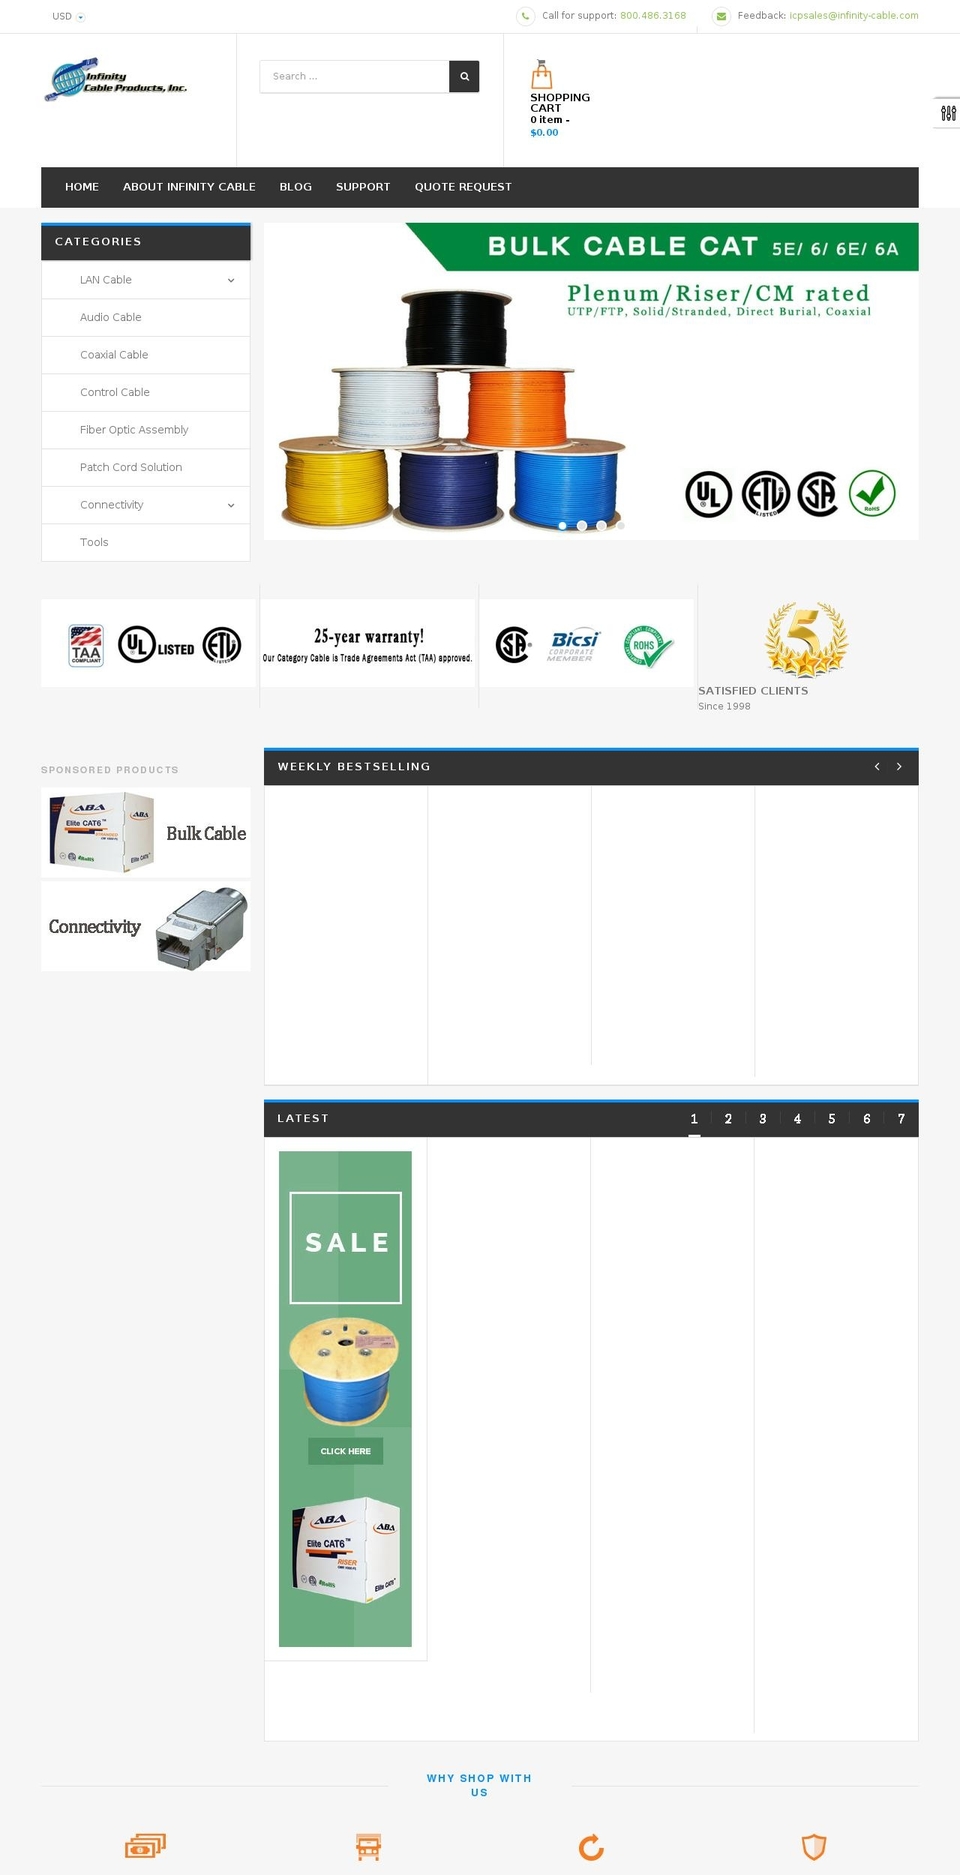 infinity-cable-products.com shopify website screenshot
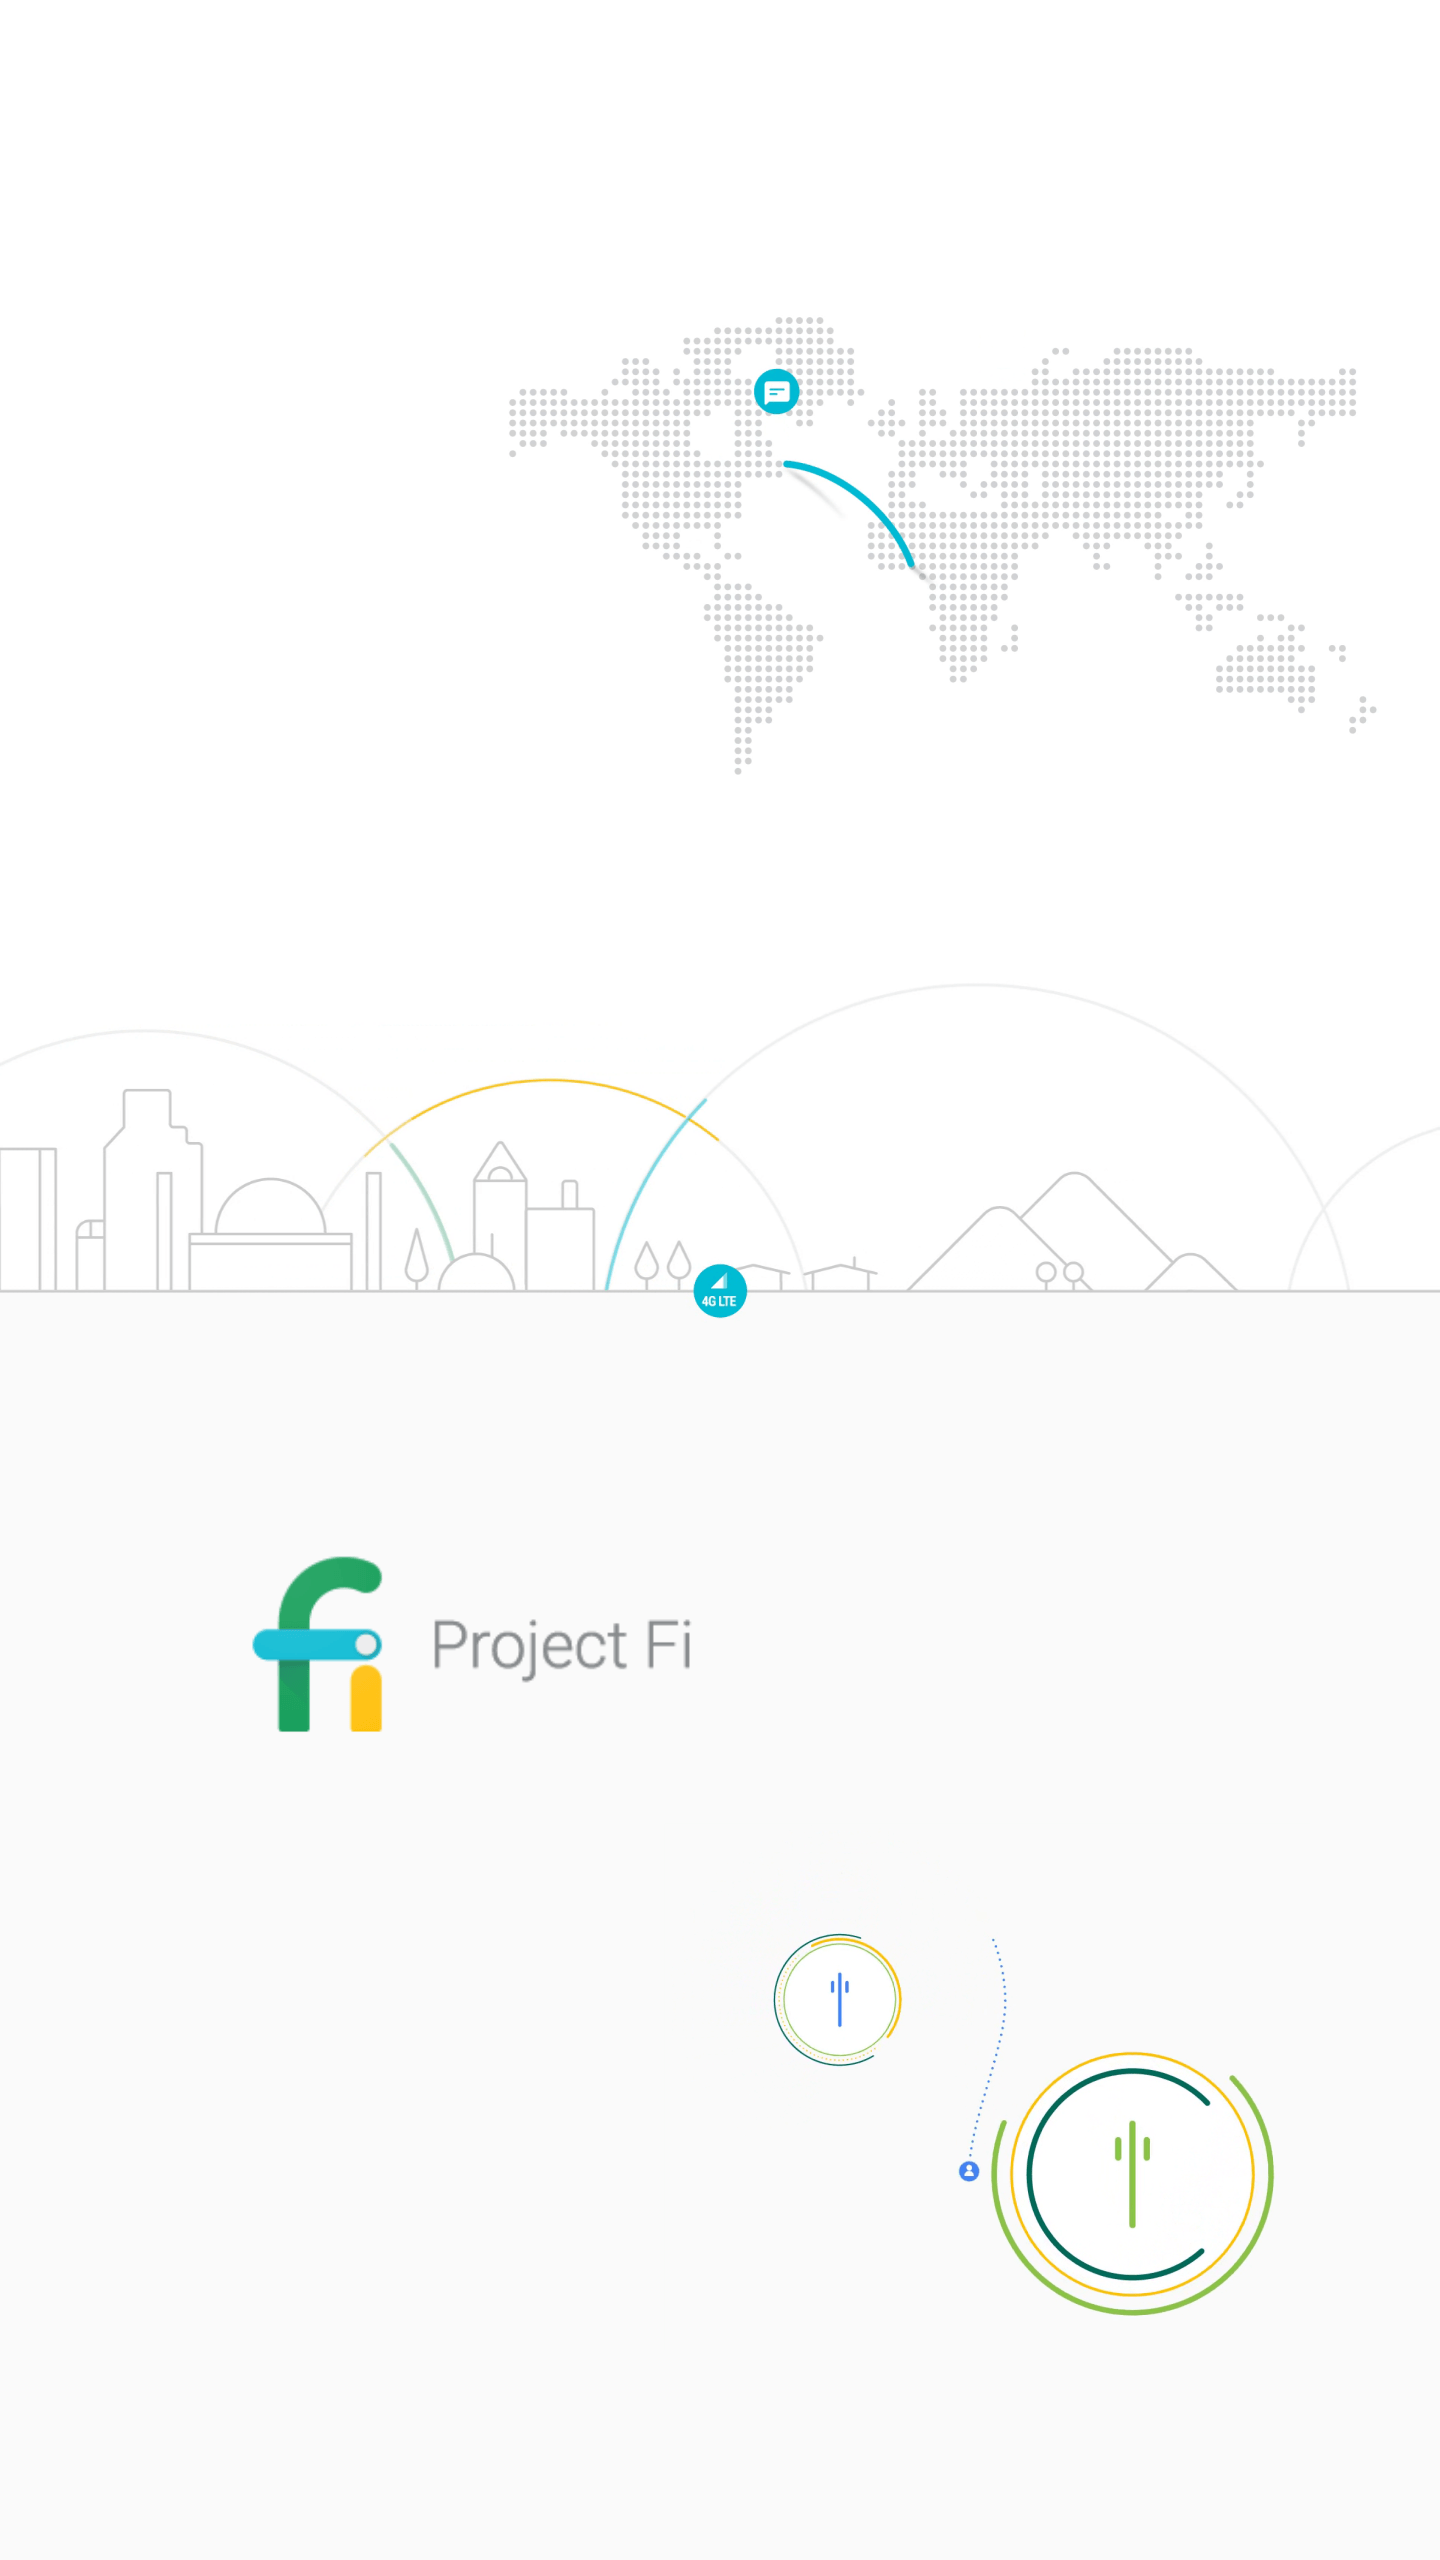 Any good Project Fi wallpaper out there made specifically
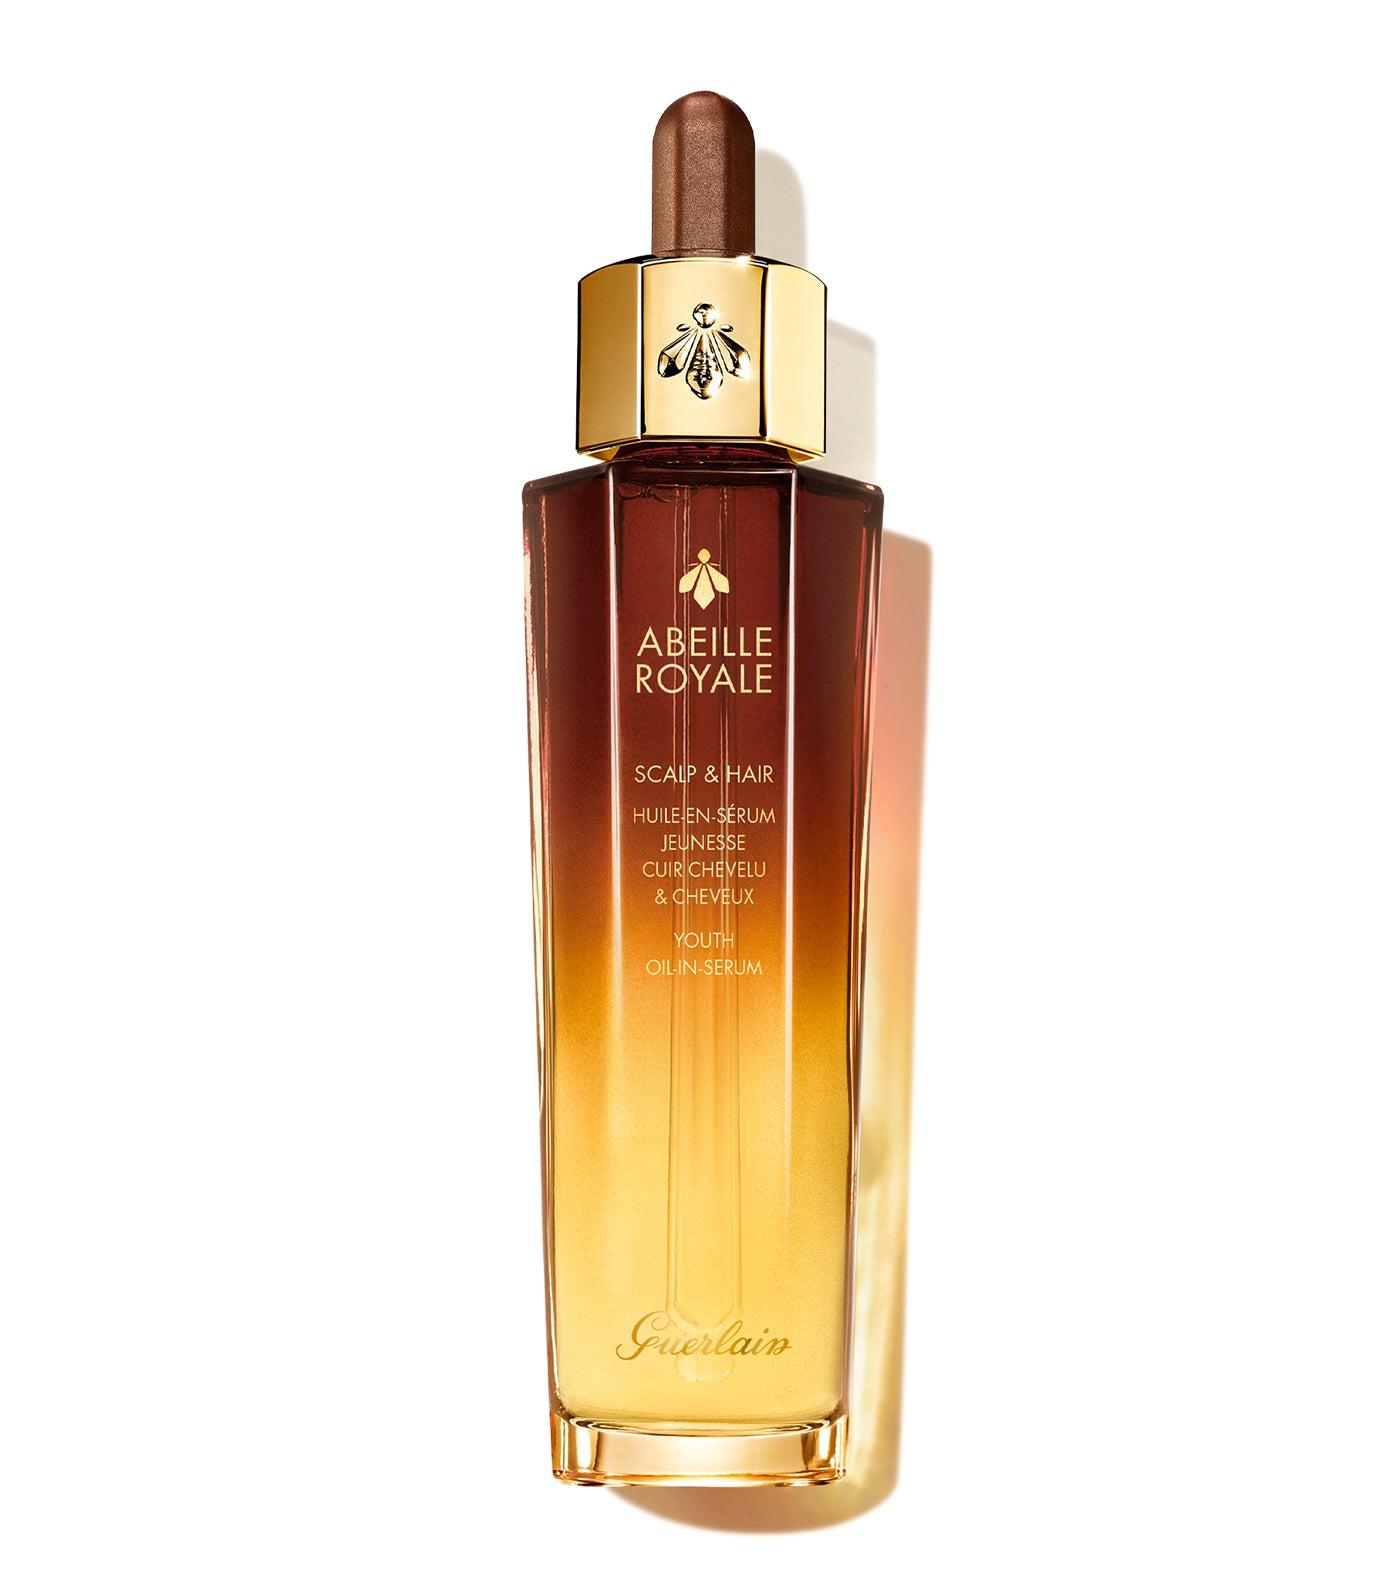 Abeille Royale Scalp & Hair Youth Oil-in Serum

-- EXERCISE --
Write out the whole listing exactly, with no pictures.

-- PROBLEM SOLUTION --
 infinity-cable-products.com shopify website screenshot
 Any good Project Fi wallpaper out there made specifically
 Abeille Royale Scalp & Hair Youth Oil-in Serum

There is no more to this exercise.